Если нет такого лично осознанного широкого отношения к миру, истории, человеку, то все будет слишком узко, одномерно я теоретично, абстрактно. Не сама по себе жертва претит "эпикурейской" натуре Герцена, а связанные с ней страдание и смирение, благостность которых освящена христианской моралью. И даже не христианская мораль в ее чистом, максималистском виде смущает Герцена, а, так сказать, формально-христианская, огосударствленная мораль, ее лицемерные толкования и применения, искусственное, натянутое или предписанное смирение, игра в благотворительность. Отсутствие всего формального, официального, нетерпимого и привлекает в Гаазе Герцена: здесь жертва добровольна - и, следовательно, не жертва; жизненный подвиг привычное, обыденное дело; страдание - осмысленное социально-деятельное сострадание.
Гааз - "юродивый", помешавшийся на жертвенном служении людям, "несчастненьким", в отличие от другого герценовского чудака, свихнувшегося на разрушительной рефлексии, поставившего под сомнение истинность всех современных понятий. Они - крайности, полярные типы и лишь в одном равны: противостоят со своим безумием косному официальному миру, оба они по-разному (один - отрицанием, другой - деятельным безудержным альтруизмом) служат истине и человечеству, а потому не в ладах со временем и здравомыслящим большинством. Высокий эгоизм вовсе не исключает ни подвига разрушения, ни подвига милосердия. Он не приемлет другое: разрушение ради разрушения, справедливо считая такой нигилизм несовместимым с реальным методом, уступкой "романтизму", и формальный культ жертвы, смирения.

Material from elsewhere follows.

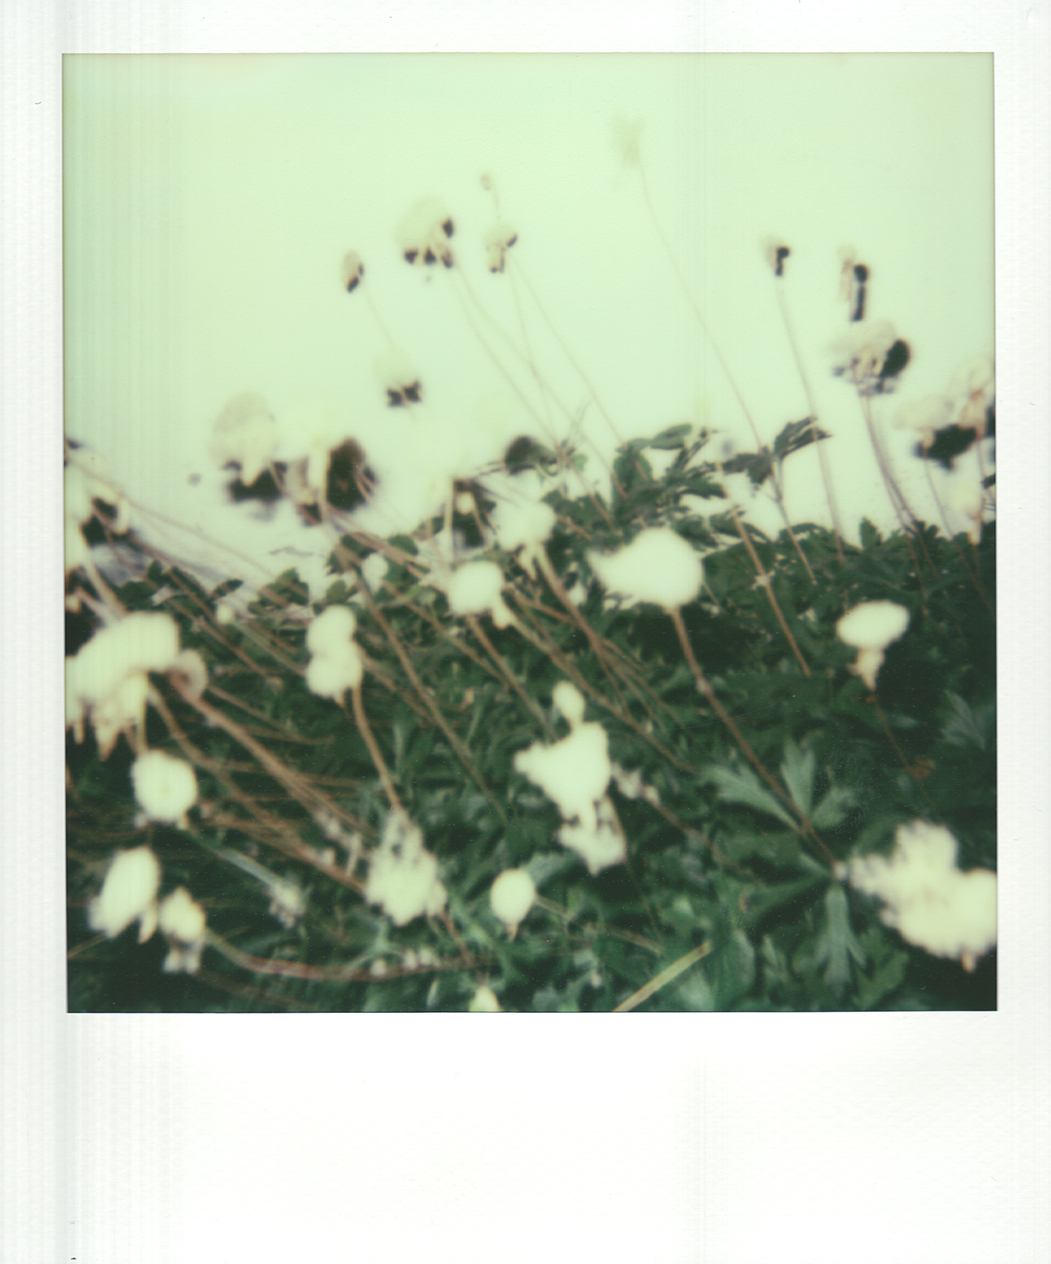 impossibleproject   colorshade instant POLAROID SX-70 camera600 #sweden   #gotland #Austin summer PX70 px680

Более всего Герцен расходился со славянофилами в вопросе о правах личности, неоднократно язвил по поводу рассуждений Самарина о "приниженной" личности. И не только со славянофилами, но и с Бакуниным, Прудоном, Кавелиным, Карлейлем; наконец, с господствующей философией и моралью. "Философы перевели церковные заповеди на светский язык. Вместо милосердия появилась филантропия; вместо любви к ближнему - любовь к человечеству; вместо того чтобы сказать "это предписано", воскликнули "это принято". Эта мораль требует от человека той покорности и тех же жертв, что и религия, не предоставляя ему в то же время награды в виде мечты о рае <...> Мораль, которую нам проповедуют, стремится лишь к тому, чтобы уничтожить личность, сделать из индивида тип, алгебраического человека, лишенного страстей", писал Герцен
в отрывке "Дуализм - это монархия" (XII, 230, 233).Дуализм понятий - основной враг реализма, гуманности, объективного, научного анализа, человеческого прогресса. Острая необходимость преодоления дуализма всей современной политической, социальной, семейной жизни сделала исповедь и скептицизм девизами эпохи Герцена, его поколения. В научной литературе давно уже проанализированы связи творчества писателя с социальными, этическими, эстетическими воззрениями Белинского, В. Майкова, петрашевцев. [12] Как политически злободневные расценивал Герцен свои "Записки одного молодого человека", более всего имея в виду философию жизни и истории героя повести Трензинского, его разумный скептицизм, разрушающий романтические, идеалистические иллюзии, приучающий к трезвому, многостороннему взгляду на действительность, к строго научному анализу, к микроскопу, скальпелю, вивисекциям. Скептическое мировоззрение Трензинского - нужный негативный момент становления реалистического метода; оно полемично и односторонне, но помогает преодолеть другие односторонности. Позицию Герцена поняли и приняли многие, в том числе Огарев и Грановский.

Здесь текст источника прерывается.